Work required - Using the listing below, output only the lines from the one that contains "appartment-interior-1080.jpg" through the one that contains "muralla alcazaba arabe en merida", inclusive, exactly as given and without images.
--- Recorded data ---
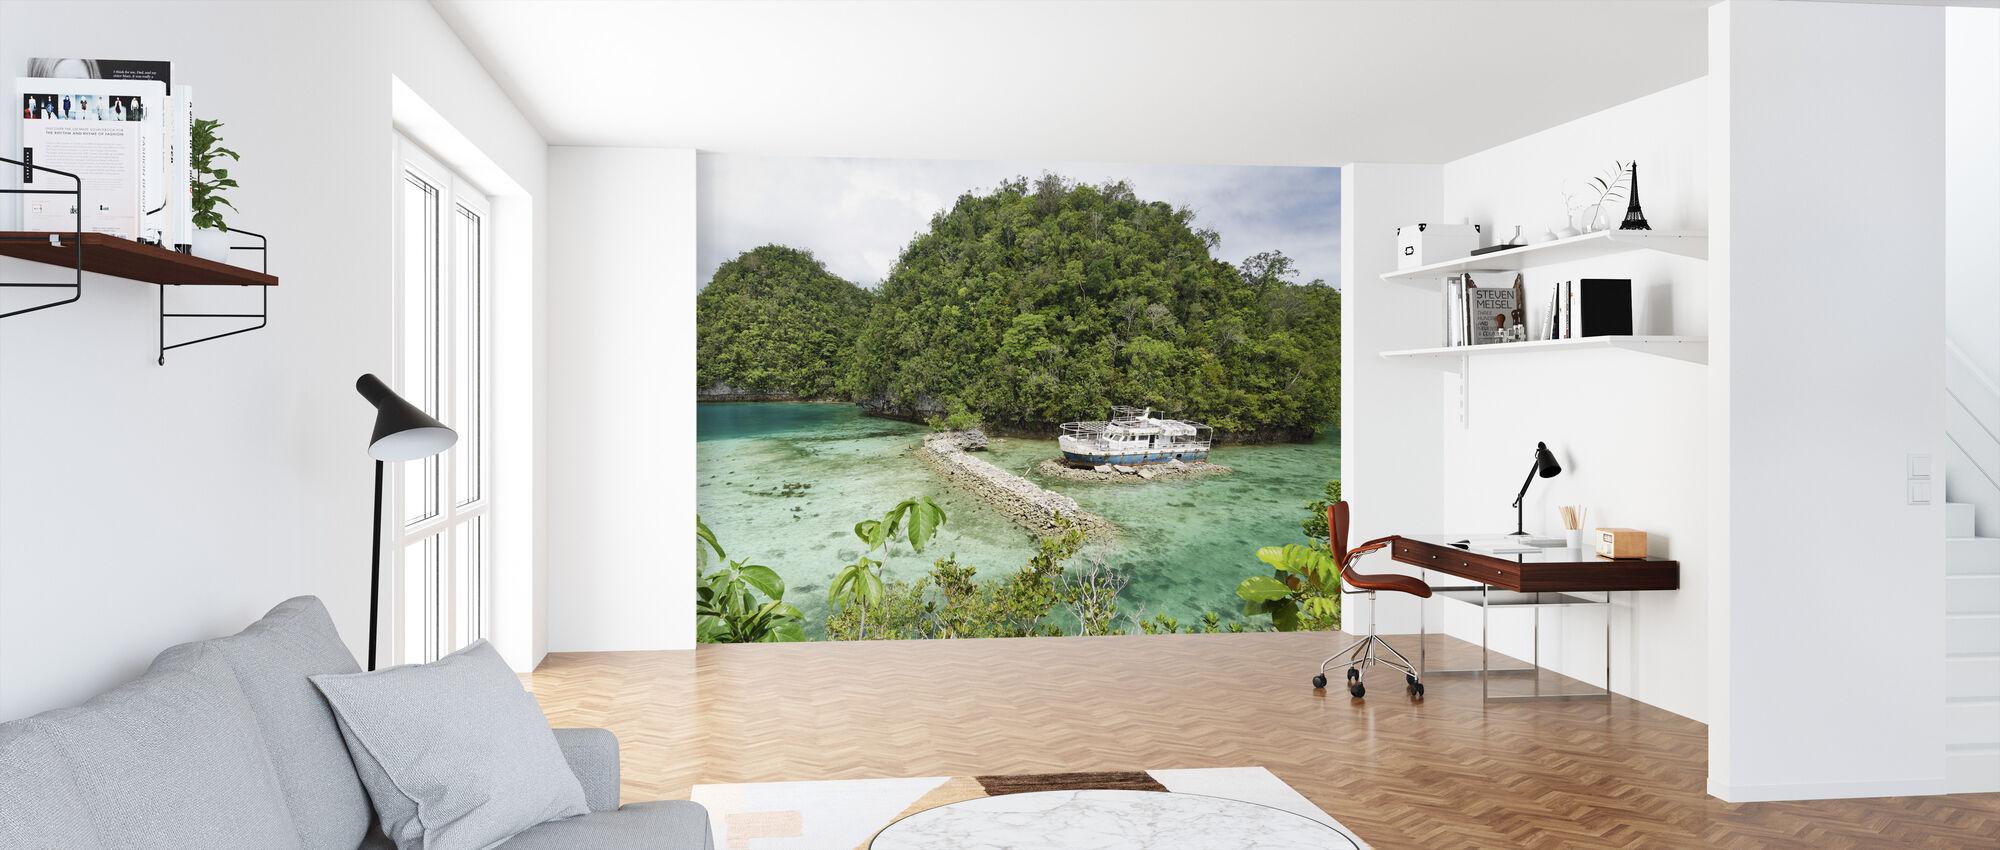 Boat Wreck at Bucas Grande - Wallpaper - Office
---
--- Recorded data ---
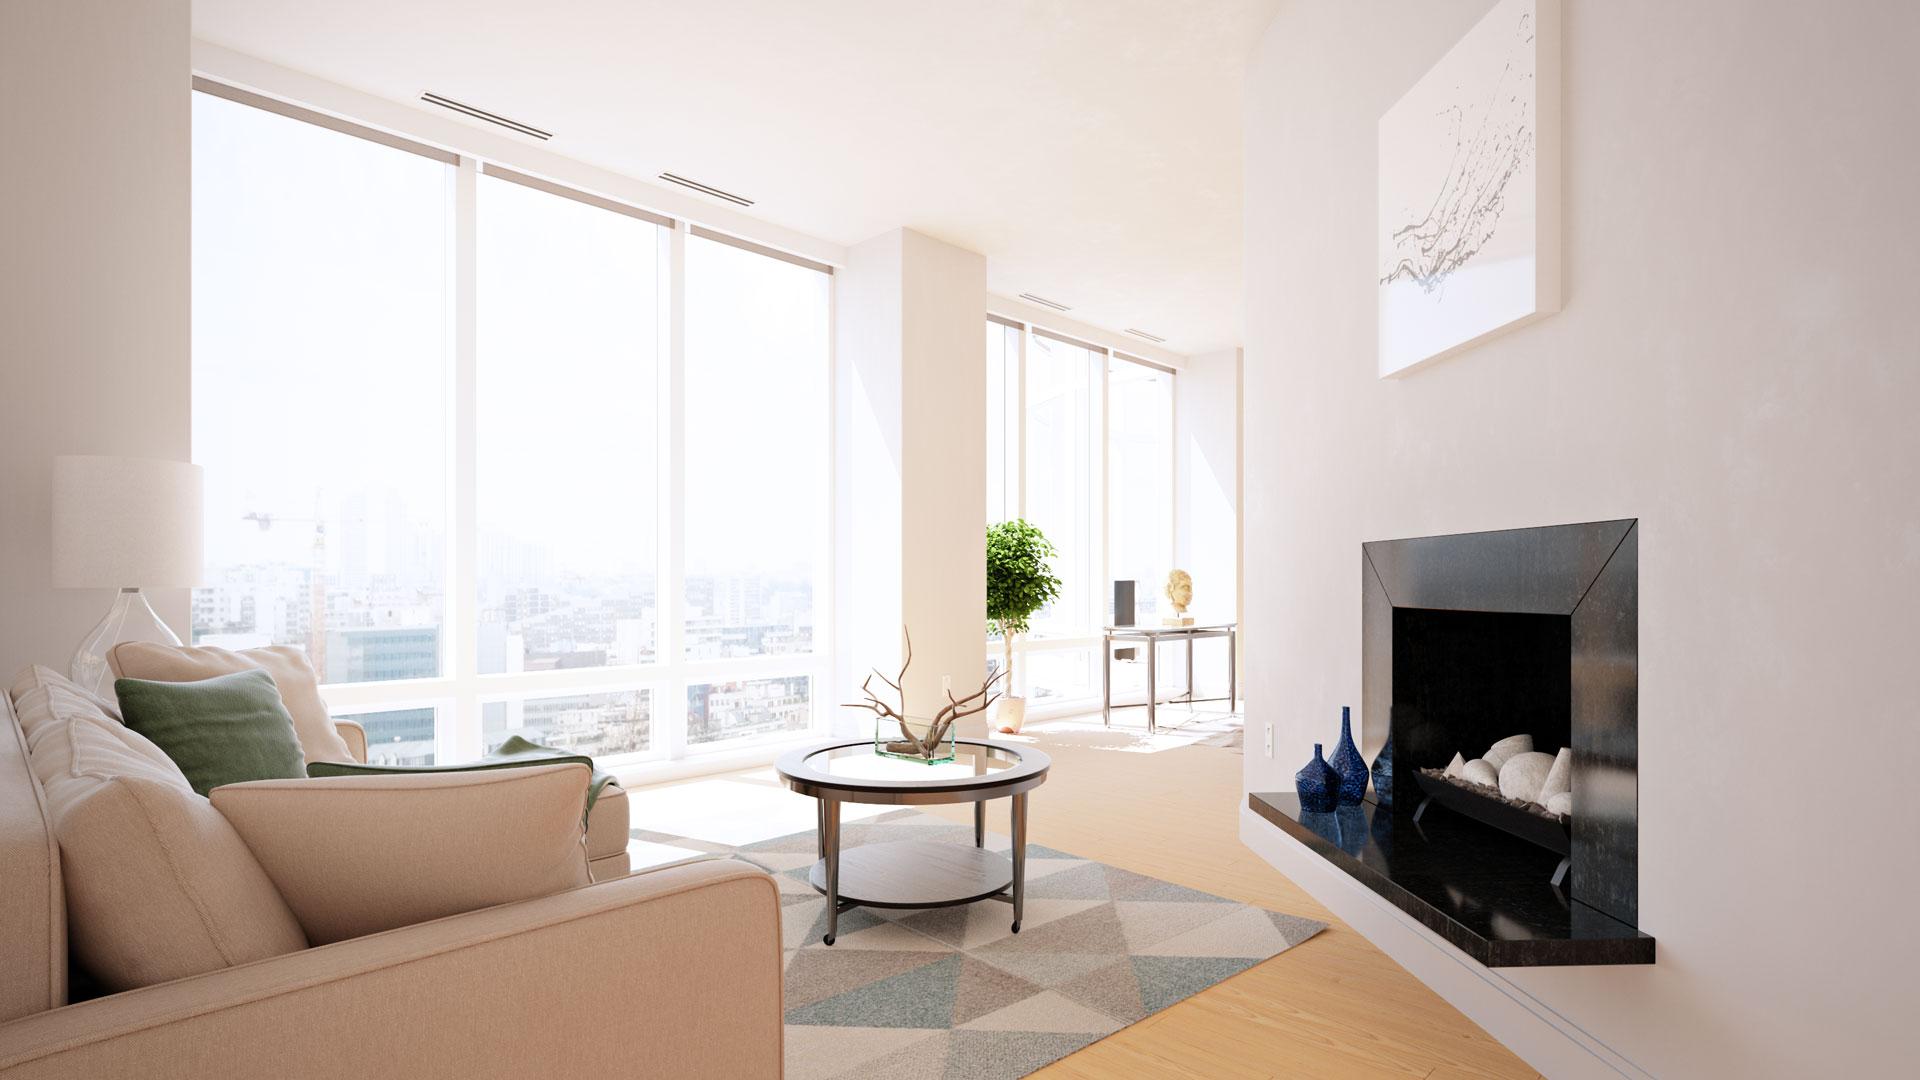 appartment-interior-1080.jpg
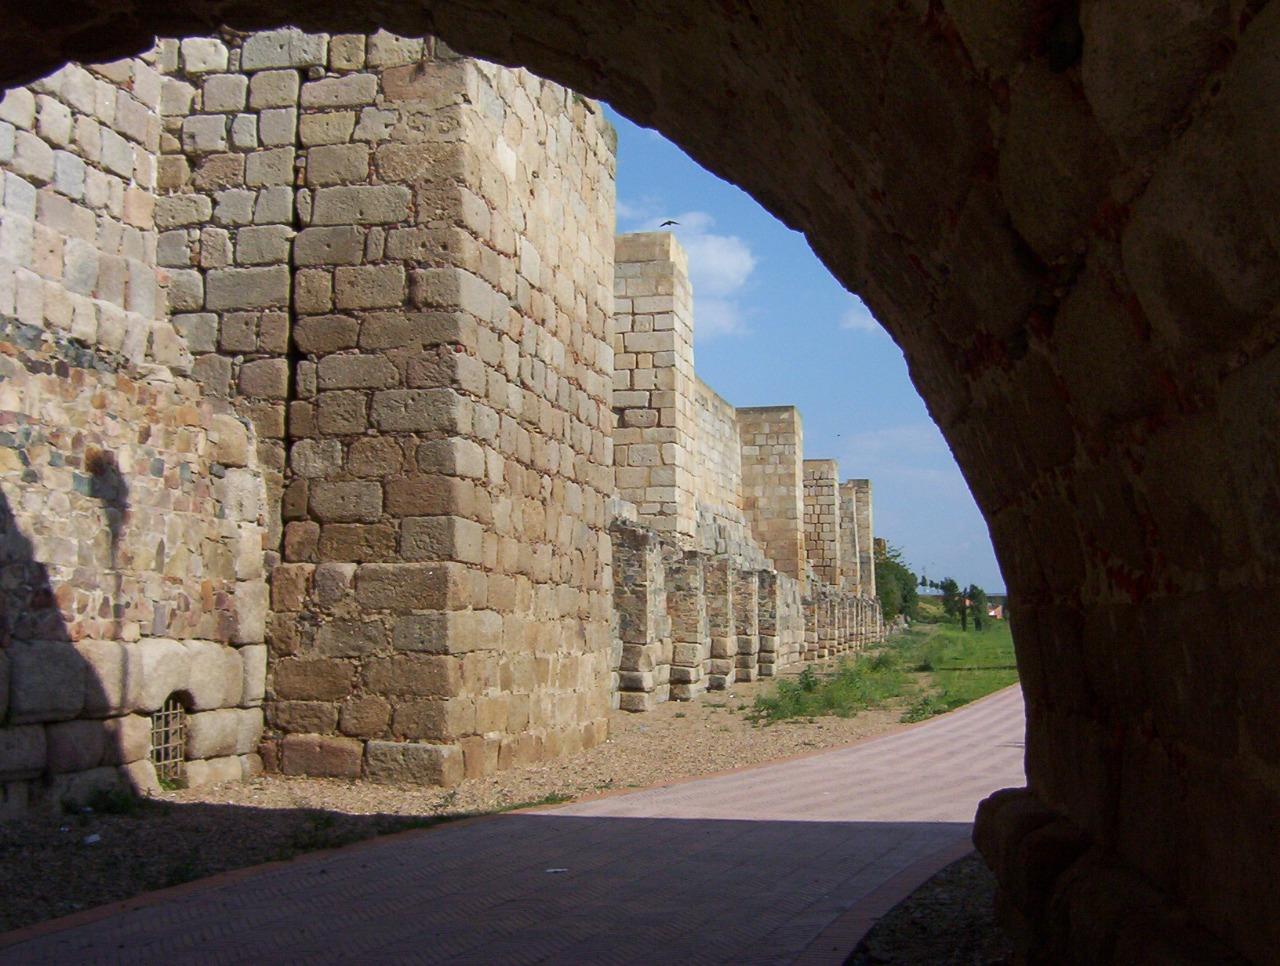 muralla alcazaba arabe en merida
---
Solution to this task -
 appartment-interior-1080.jpg
 muralla alcazaba arabe en merida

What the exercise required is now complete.